■ **Exercise data**
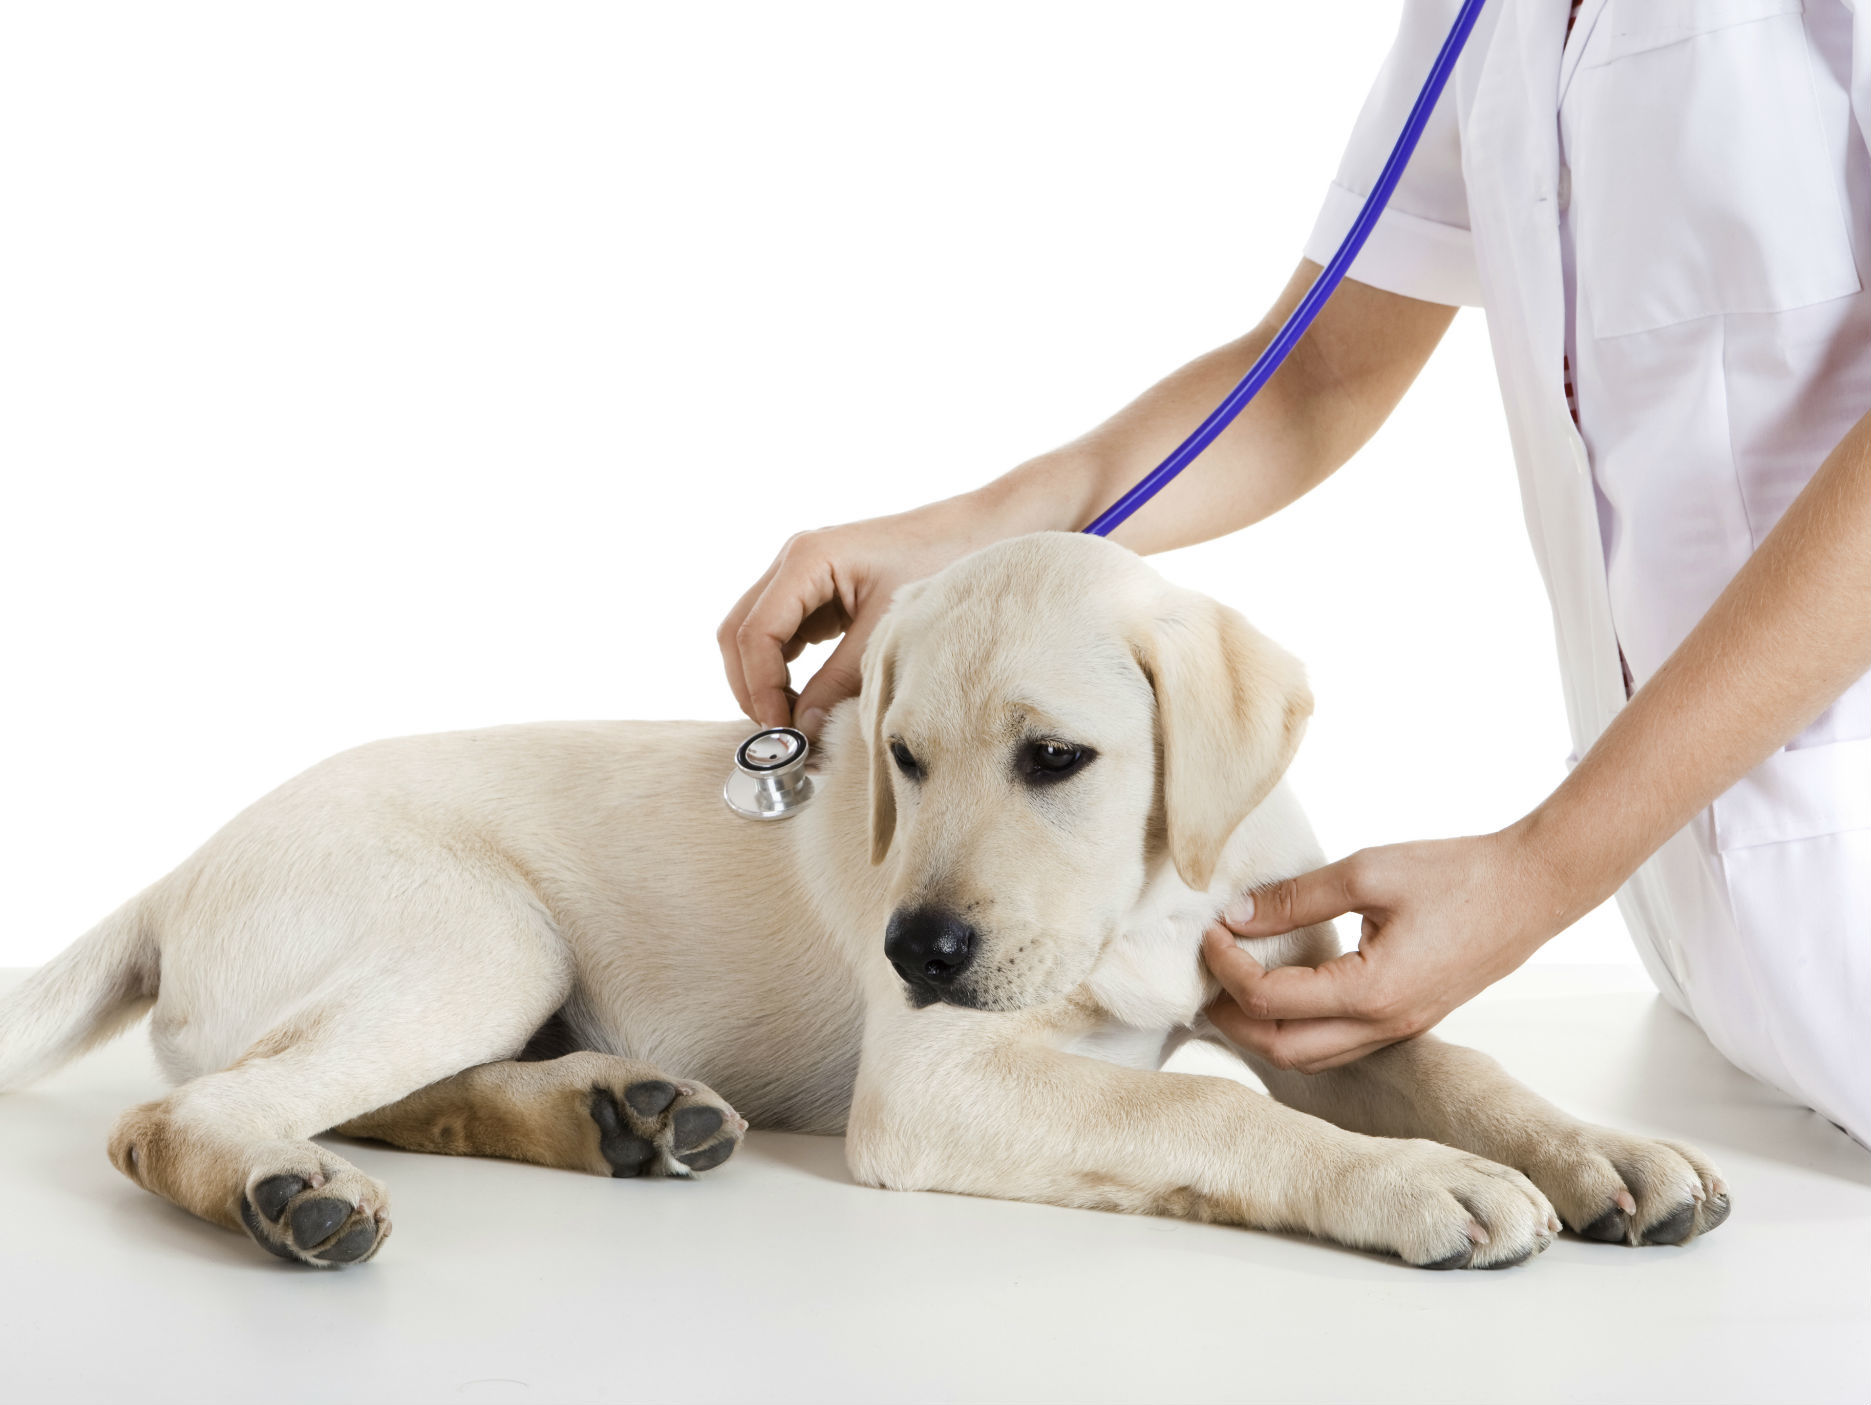 Perro revisado por veterinario
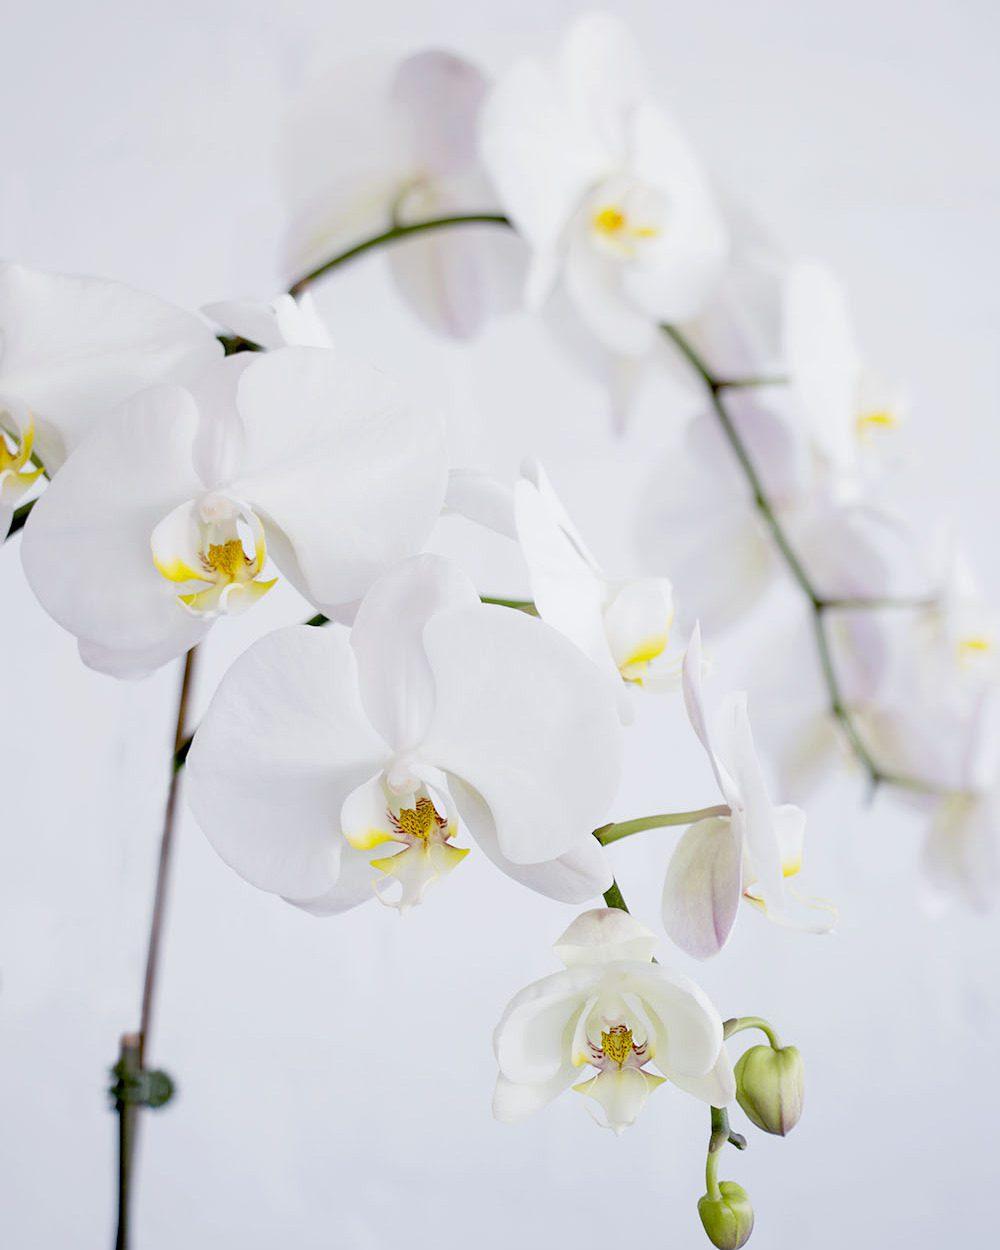 Orchids-Medium-Close
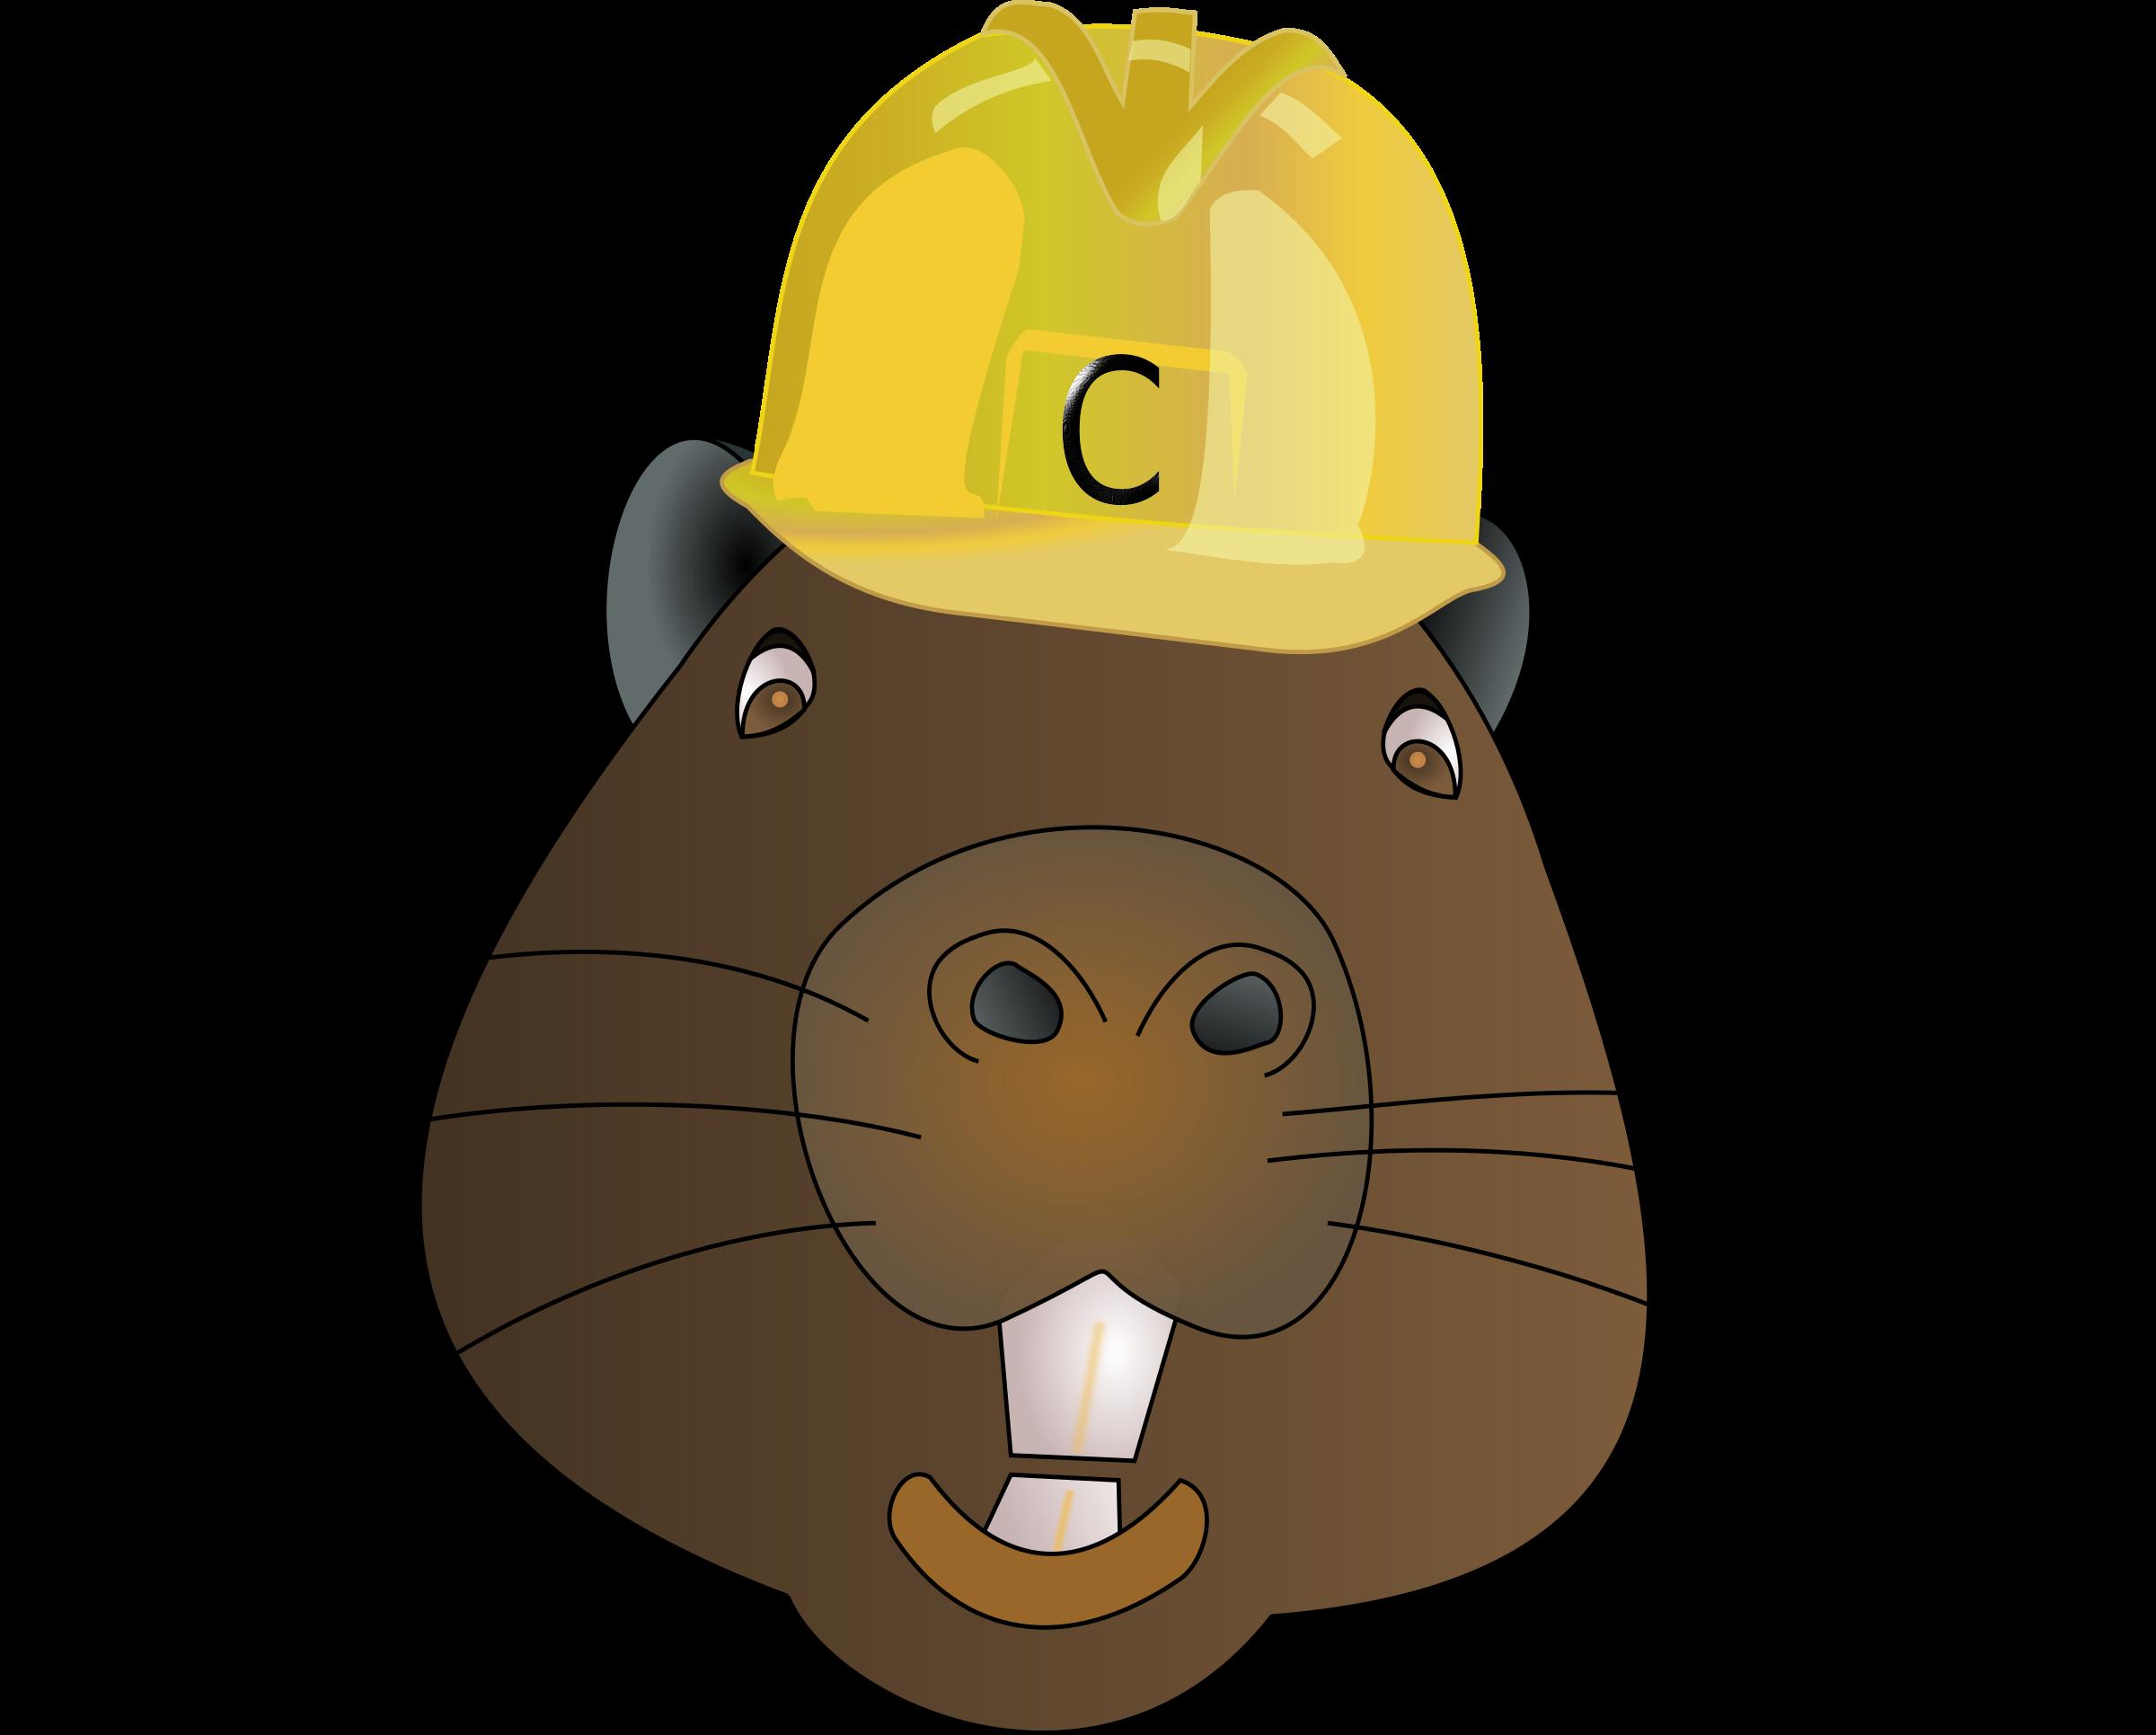 Castor big image png. Groundhog clipart groundhog day

■ **What is needed**
Give back the whole listing exactly as written. Do not include any picture.

■ **Task solution**
 Perro revisado por veterinario
 Orchids-Medium-Close
 Castor big image png. Groundhog clipart groundhog day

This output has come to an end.